耳元に聞き慣れた声が響き、私はハッと目を開いた。

目の前には、制服を着たクラスメイトたちが笑いながら騒ぎ、黒板には数学の問題が書かれている。

これは、裕也に離婚を切り出されてから、何度も夢に見た光景だ。

高校時代に戻りたい、彼が一番愛してくれた頃に戻りたいと常に思っていた。

だから、また夢でも見ているのだろうか?

「美咲、何ボーっとしてるんだ?」

細長く、綺麗な手が目の前で軽く振られた。

振り返ると、裕也の口元には微笑が浮かんでいた。

口元が美しい曲線を描き、澄み切った瞳は柔らかな光を湛え、じっと私を見つめている。

私は呆然としていた。

彼がこんな風に私に微笑みかけるのは、どれくらい前のことだろう?

一年、二年、それとももっと前だろうか。

もう思い出せない。

最初に浮かんだのは、やけにリアルな夢だということ。でも、何かが違うと直感した。

かつては夢の中でも、彼にこんな無邪気で輝かしい笑顔を見せてもらったことはなかった。それに、この顔にはまだ少年のあどけなさが残っている。

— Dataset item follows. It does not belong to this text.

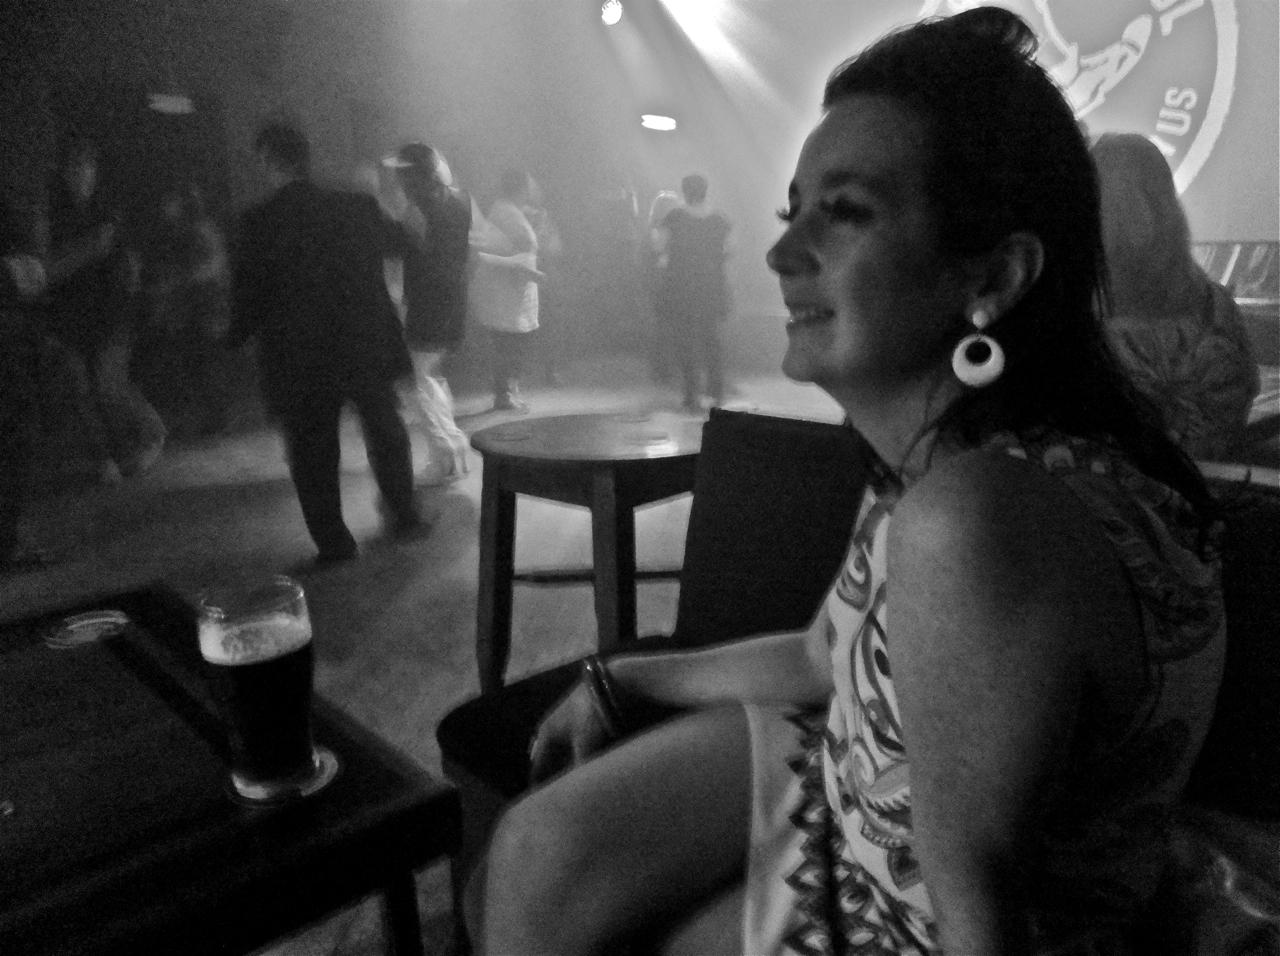 Clare club night, 4/10/13

時間が経ちすぎて、私の記憶の中の裕也は、すでに別人のようになっていた。

「今は、いつ?」私は思わず口にした。

目の前の裕也は少し驚き、答えた。

「金曜日だよ。お前、勉強のしすぎでおかしくなったのか?」

「金曜日って、いつの?」

「2011年3月25日の金曜だよ」彼はおかしそうに笑いながら私を見た。

「明日はお前の誕生日だって言ってたのに、もう忘れたのか?」

2011年?

私は数秒固まり、すぐに自分の太ももをつねった。痛みが鋭く走り、思わず震え、涙がこぼれそうになった。

痛い。

これは現実だ。

私は、2011年に戻ってきたんだ!

この頃の私は、ちょうど母を亡くしたばかりの悲しみから、裕也の支えで学校に戻ってきた時期だ。

彼に一番依存していて、一生彼と一緒にいたいと願っていた時期だ。

「美咲」

裕也の声が私を現実に引き戻した。

彼は心配げに言った。

「またおばさんのことを考えてるのか?」

そう言いながら、彼は私の手を握ろうとする。

「どんなに辛くても、おばさんは君がこんな風に悲しむのを望んでないよ」

彼の手が私に触れる前に、私は咄嗟に手を引っ込めた。

彼の手は空振りし、困惑した表情を浮かべた。